На красивом, чуть уставшем лице Нины не появилось ни малейшего намека на испуг или смущение. Недоуменно пожав плечами, она как ни в чем не бывало заговорила:
— Анатолий Овчинников напросился проводить меня после спектакля. Когда на такси подъехали к дому, ему, видите ли, до зарезу пить захотелось. По простоте душевной впустила в квартиру и до трех часов не могла выпроводить. Такой нахал — подумать страшно!
Антон решил «копнуть» глубже:
— Овчинников говорит иное…
— Естественно. Разве он сознается, что не на ту нарвался? Никогда! — Нина брезгливо улыбнулась. — Можно подумать, Толян Овчинников — мой любовник… Смешно…
— Зачем же в провожатые его выбрали?
— Боязно было одной в полночь домой возвращаться.

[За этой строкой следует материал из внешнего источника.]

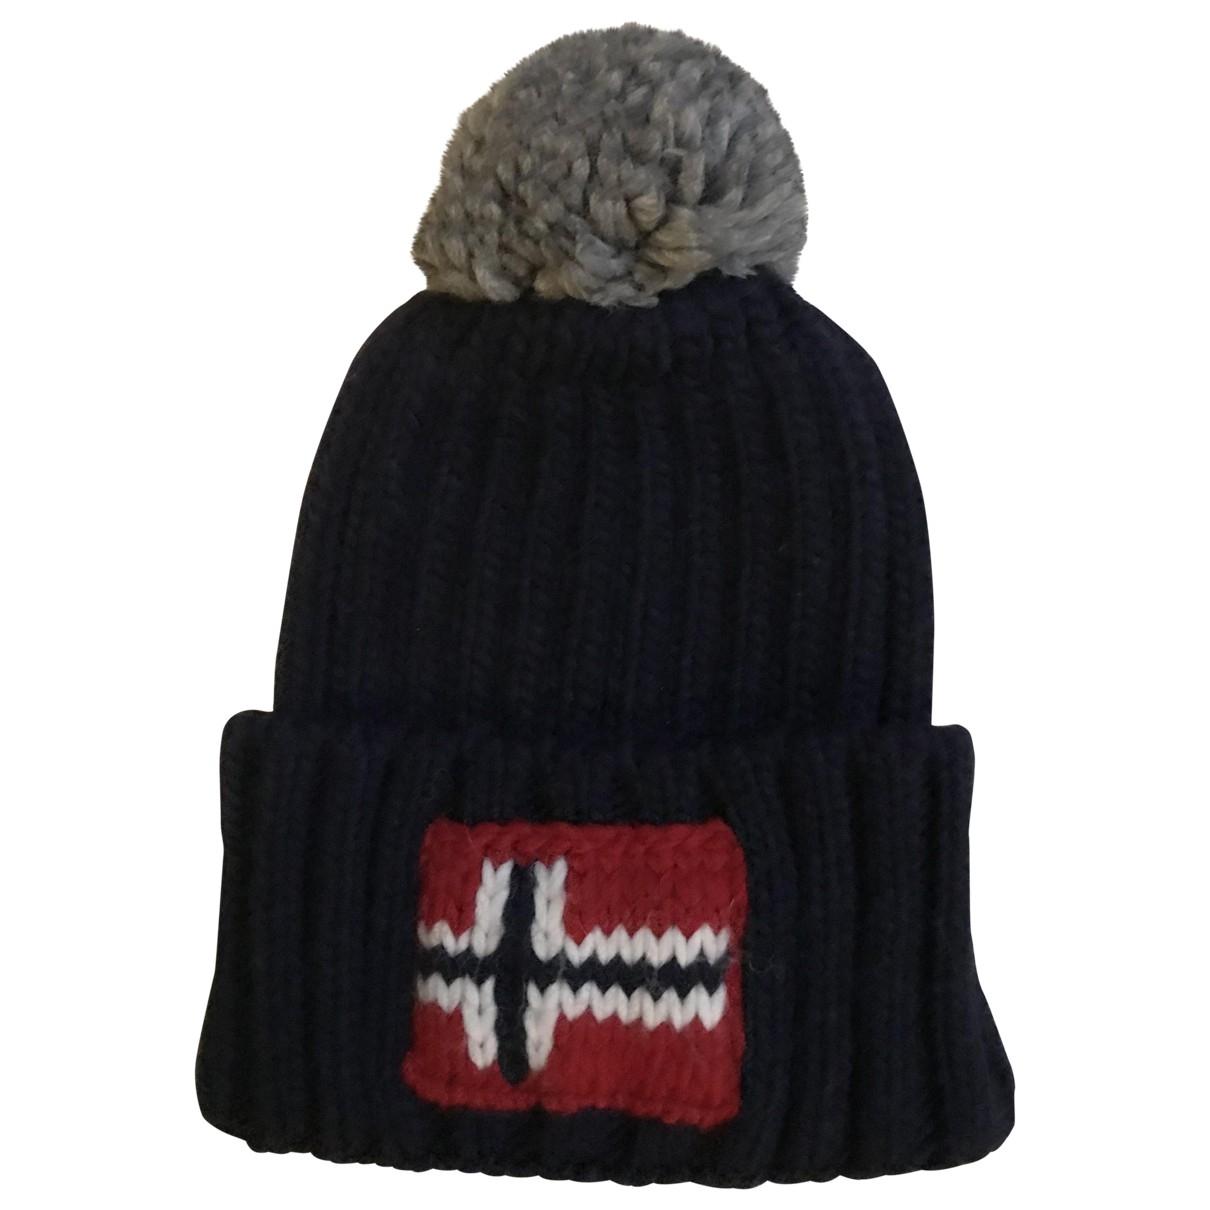 Napapijri - Chapeau & Bonnets   pour homme en laine - bleu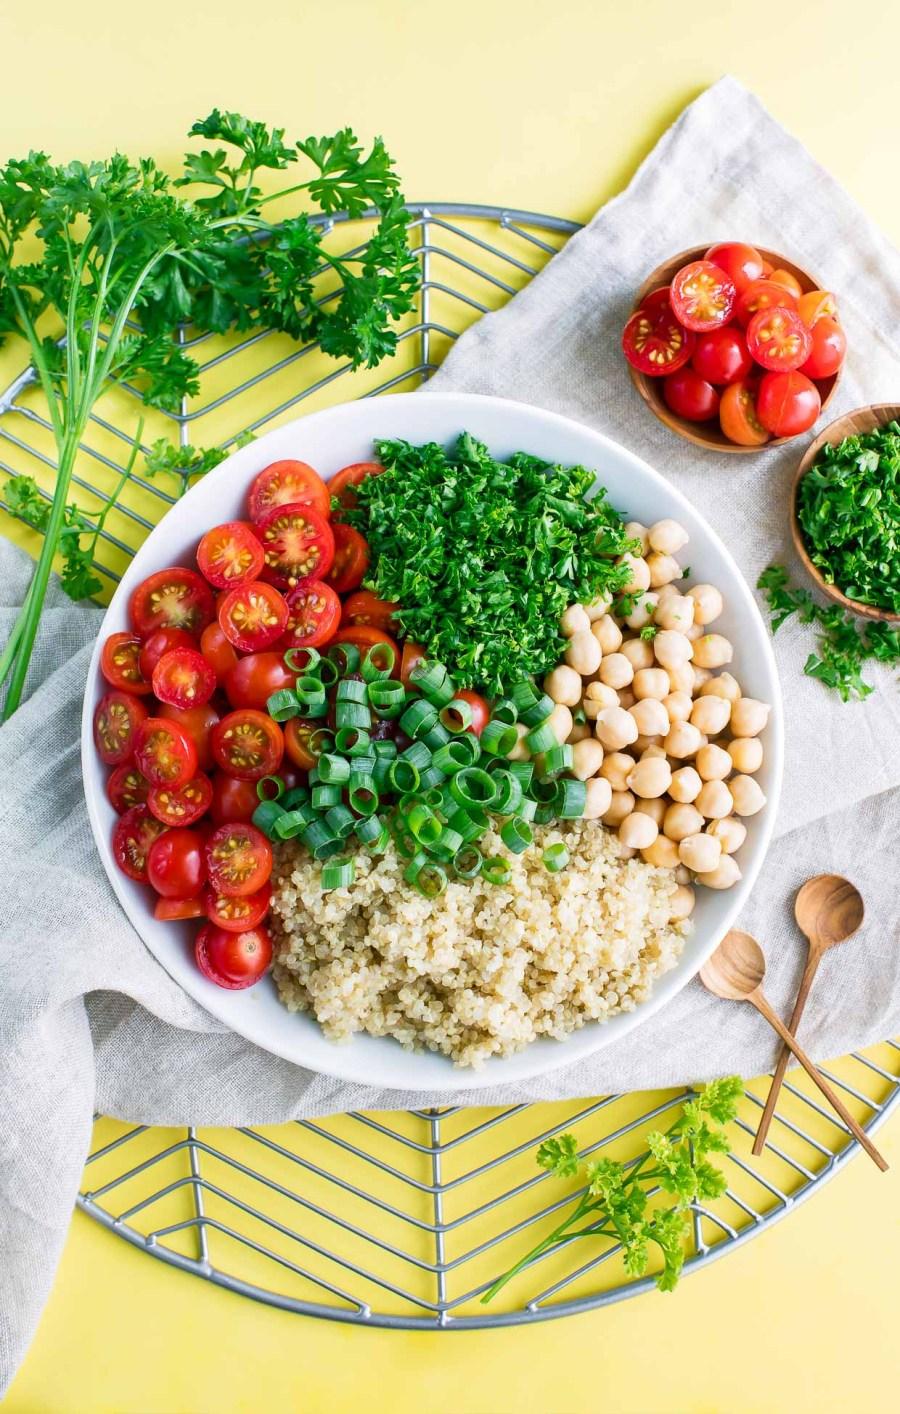 Tomato Quinoa Salad Ingredients

— Нина Владимировна, расскажите правду: почему Овчинников ушел от вас так поздно?
— Глупо, конечно, все получилось, но, честное слово даю, между мною и Анатолием ничего… такого не было…
— Меня «такое» и не интересует, — сказал Антон. — Мне другое важно знать. В тот вечер Степнадзе находился в Новосибирске или нет?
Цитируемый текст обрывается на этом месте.